[Records drawn from a dataset]
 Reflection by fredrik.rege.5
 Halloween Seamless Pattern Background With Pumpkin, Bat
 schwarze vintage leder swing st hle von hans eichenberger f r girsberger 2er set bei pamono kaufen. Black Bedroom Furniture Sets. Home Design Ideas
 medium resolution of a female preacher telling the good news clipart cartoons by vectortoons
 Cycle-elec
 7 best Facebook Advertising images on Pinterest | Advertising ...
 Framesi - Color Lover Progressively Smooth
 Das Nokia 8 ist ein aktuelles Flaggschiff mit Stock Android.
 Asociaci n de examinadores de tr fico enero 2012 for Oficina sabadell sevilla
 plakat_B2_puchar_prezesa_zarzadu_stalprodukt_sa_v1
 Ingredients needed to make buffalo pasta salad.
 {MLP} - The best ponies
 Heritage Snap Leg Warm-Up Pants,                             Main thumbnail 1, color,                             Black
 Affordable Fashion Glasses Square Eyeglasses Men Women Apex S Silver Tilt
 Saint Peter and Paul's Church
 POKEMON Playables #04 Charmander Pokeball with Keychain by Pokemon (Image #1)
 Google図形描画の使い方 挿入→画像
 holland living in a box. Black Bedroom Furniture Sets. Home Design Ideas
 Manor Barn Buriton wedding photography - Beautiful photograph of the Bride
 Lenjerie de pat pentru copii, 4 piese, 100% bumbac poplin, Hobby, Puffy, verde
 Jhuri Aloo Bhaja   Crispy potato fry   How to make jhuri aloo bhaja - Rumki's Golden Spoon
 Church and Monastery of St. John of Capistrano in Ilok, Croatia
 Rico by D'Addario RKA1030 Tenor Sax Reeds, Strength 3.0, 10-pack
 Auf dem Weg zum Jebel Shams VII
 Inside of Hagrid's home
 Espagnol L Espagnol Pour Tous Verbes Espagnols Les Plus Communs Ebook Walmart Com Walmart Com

- **WORK ITEM**: All of the entries above must be output word for word.

- **RESULT FOR THIS EXERCISE**:
 Reflection by fredrik.rege.5
 Halloween Seamless Pattern Background With Pumpkin, Bat
 schwarze vintage leder swing st hle von hans eichenberger f r girsberger 2er set bei pamono kaufen. Black Bedroom Furniture Sets. Home Design Ideas
 medium resolution of a female preacher telling the good news clipart cartoons by vectortoons
 Cycle-elec
 7 best Facebook Advertising images on Pinterest | Advertising ...
 Framesi - Color Lover Progressively Smooth
 Das Nokia 8 ist ein aktuelles Flaggschiff mit Stock Android.
 Asociaci n de examinadores de tr fico enero 2012 for Oficina sabadell sevilla
 plakat_B2_puchar_prezesa_zarzadu_stalprodukt_sa_v1
 Ingredients needed to make buffalo pasta salad.
 {MLP} - The best ponies
 Heritage Snap Leg Warm-Up Pants,                             Main thumbnail 1, color,                             Black
 Affordable Fashion Glasses Square Eyeglasses Men Women Apex S Silver Tilt
 Saint Peter and Paul's Church
 POKEMON Playables #04 Charmander Pokeball with Keychain by Pokemon (Image #1)
 Google図形描画の使い方 挿入→画像
 holland living in a box. Black Bedroom Furniture Sets. Home Design Ideas
 Manor Barn Buriton wedding photography - Beautiful photograph of the Bride
 Lenjerie de pat pentru copii, 4 piese, 100% bumbac poplin, Hobby, Puffy, verde
 Jhuri Aloo Bhaja   Crispy potato fry   How to make jhuri aloo bhaja - Rumki's Golden Spoon
 Church and Monastery of St. John of Capistrano in Ilok, Croatia
 Rico by D'Addario RKA1030 Tenor Sax Reeds, Strength 3.0, 10-pack
 Auf dem Weg zum Jebel Shams VII
 Inside of Hagrid's home
 Espagnol L Espagnol Pour Tous Verbes Espagnols Les Plus Communs Ebook Walmart Com Walmart Com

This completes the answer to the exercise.